Jeremy Clarkson creates an ecosystem

Jeremy Clarkson has been 'wilding' on his farm, creating a whole new ecosystem

Creating an ecosystem . . . with one eye on history

JEREMY Clarkson has spent a hefty portion of his life traversing the globe in some of the most gas-guzzling machines ever made. If you were to calculate his carbon footprint, you can imagine it would be more bigfoot than ballerina.

This must have been weighing on his mind of late, because he has dedicated sizeable portions of his time (and you would imagine, money) doing things that benefit the environment.

A couple of weeks ago he wrote in The Sunday Times Magazine about his attempts to improve the health of the forest that forms part of his farm, and last week he wrote about his noble goal to save the rapidly declining population of bees, by purchasing a quarter of a million of them and encouraging them to pollinate.

This week, he’s gone a step further and created an entirely new ecosystem. It’s his contribution to what is becoming a global environmental movement: wilding.

“When a tree falls over you leave it there for the beetles,” he instructs. “When an animal dies you put a clothes peg on your nose and wait for the body to be devoured by birds. And you learn to love thistles and brambles and nettles to such an extent that you will sell your lawnmower for scrap. It is now considered to be the tool of the Luddite.”

Various human attempts at meddling with ecosystems have had, to put it mildly, mixed results. Clarkson notes an attempt in the 1940s by the Argentinian government to introduce beavers to Tierra Del Fuego, an archipelago at the southern end of the South American continent. The ambition of the government was to environmentally enrich the Patagonian province, as well as to provide fodder for a potential fur industry.

What happened was that the ten pairs of beavers flown in from Canada bred like a similarly buck-toothed animal, and before the government knew it, a plague of more than 100,000 beavers had run riot and all but destroyed the woodland area. There is now a widespread effort to eradicate the beavers, Clarkson says, with some guides bringing tourists to the island to hunt and eat the animals. The beavers’ effect on Tierra Del Fuego has been classified by experts as the biggest change to a subantarctic forest since the last ice age.

“We’ve seen this sort of thing before,” notes The Grand Tour presenter. “When America created Yellowstone National Park, experts reckoned that visitors would not want to be eaten. So it was decided to get rid of the wolves. But with no wolves, elks flourished to such an extent that all the aspen and willow trees were eaten, and the effects of that wiped out countless other species, including the beaver.”

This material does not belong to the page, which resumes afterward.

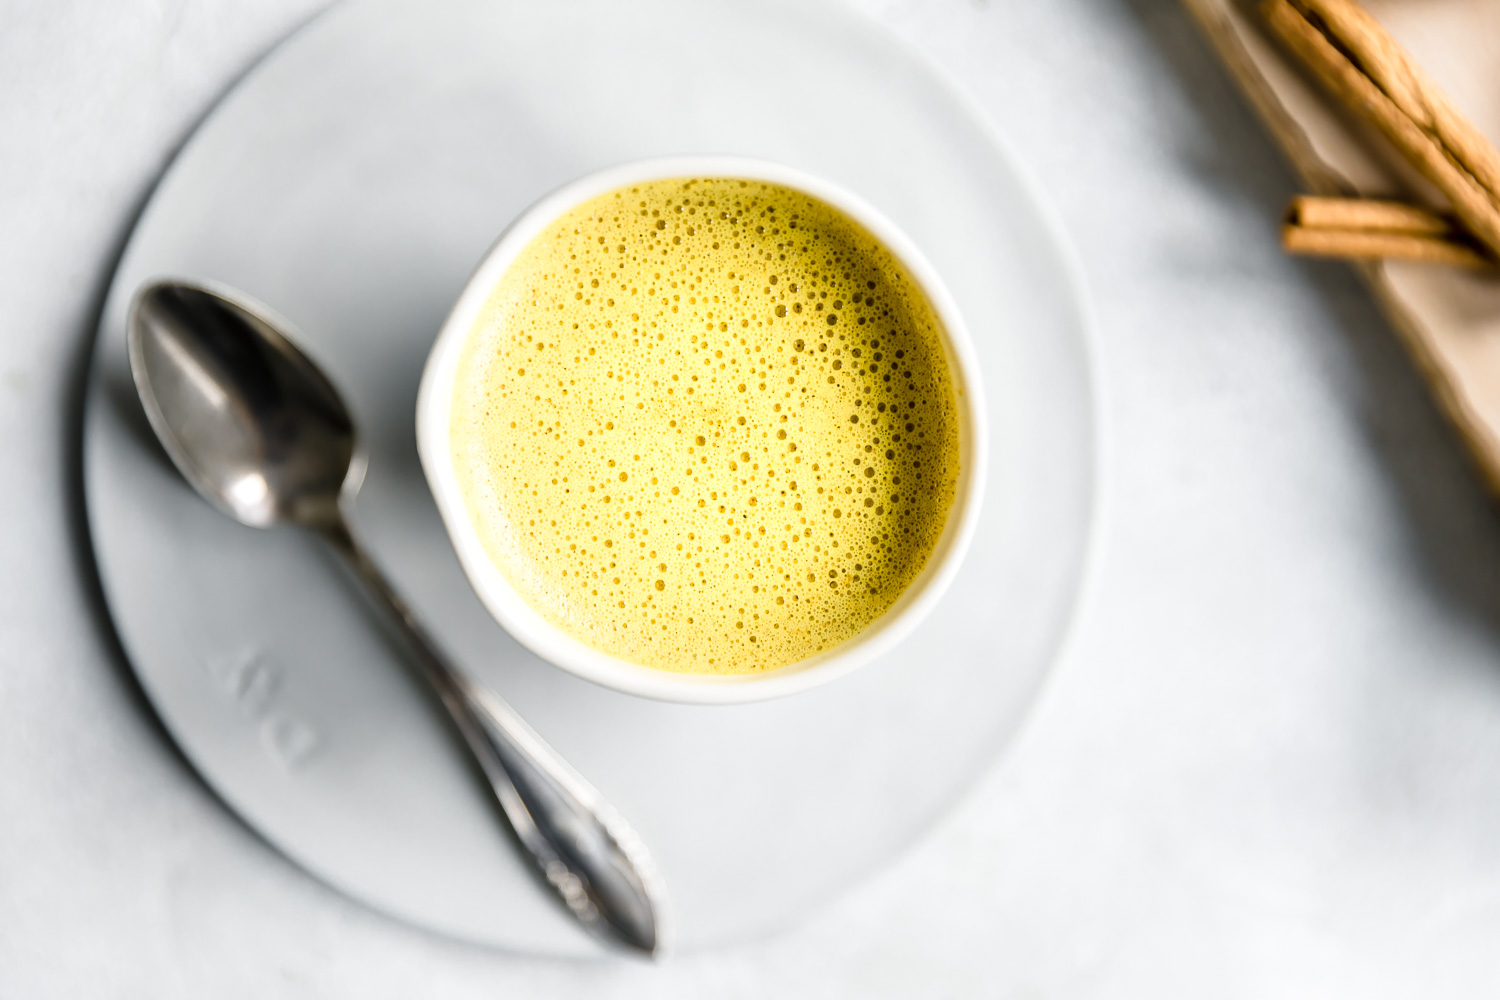 golden milk in white cup on a small white plate next to a silver teaspoon

With all this at the back of his mind, Clarkson set about trying to create a bog on Diddly Squat farm. However, as we’ve come to realise over the course of his farming columns in The Sunday Times Magazine, the government keeps a hawk-like eye on everything farmers do, and therefore you “need permission from a man in a Vauxhall — all government officials have Vauxhalls — if you want to change the bank, dredge, build a culvert, change a mooring, build a dam, create a weir, take a fish or park a boat”.

After a mouse-related hiccup, however, Clarkson got the all clear and proceeded, as has been the case in many of his farming escapades, to get hold of a big piece of machinery and go to town. Fairly soon, “the whole area look[ed] like Sam Mendes was filming a sequel to 1917 — 1918, perhaps”.

Due to his incapability in operating the digger, the ecosystem that he finally created could be more accurately classified as a pond than a bog. “The hole I’d dug was deeper than an Australian uranium mine, and that meant the earth bank that was being erected from the spoil was larger than the Three Gorges Dam in China. It certainly wasn’t what the man in the Vauxhall had given me permission to create.”

However, a pond is still an ecosystem, and after Clarkson introduced some reeds, bulrushes and trouts to the party, life began to appear. Since he created the pond, he has spotted otters, herons and cormorants, and while the various interventions he’s had to make mean that the scene doesn’t feel “wild”, as such, he’s fairly happy with the results.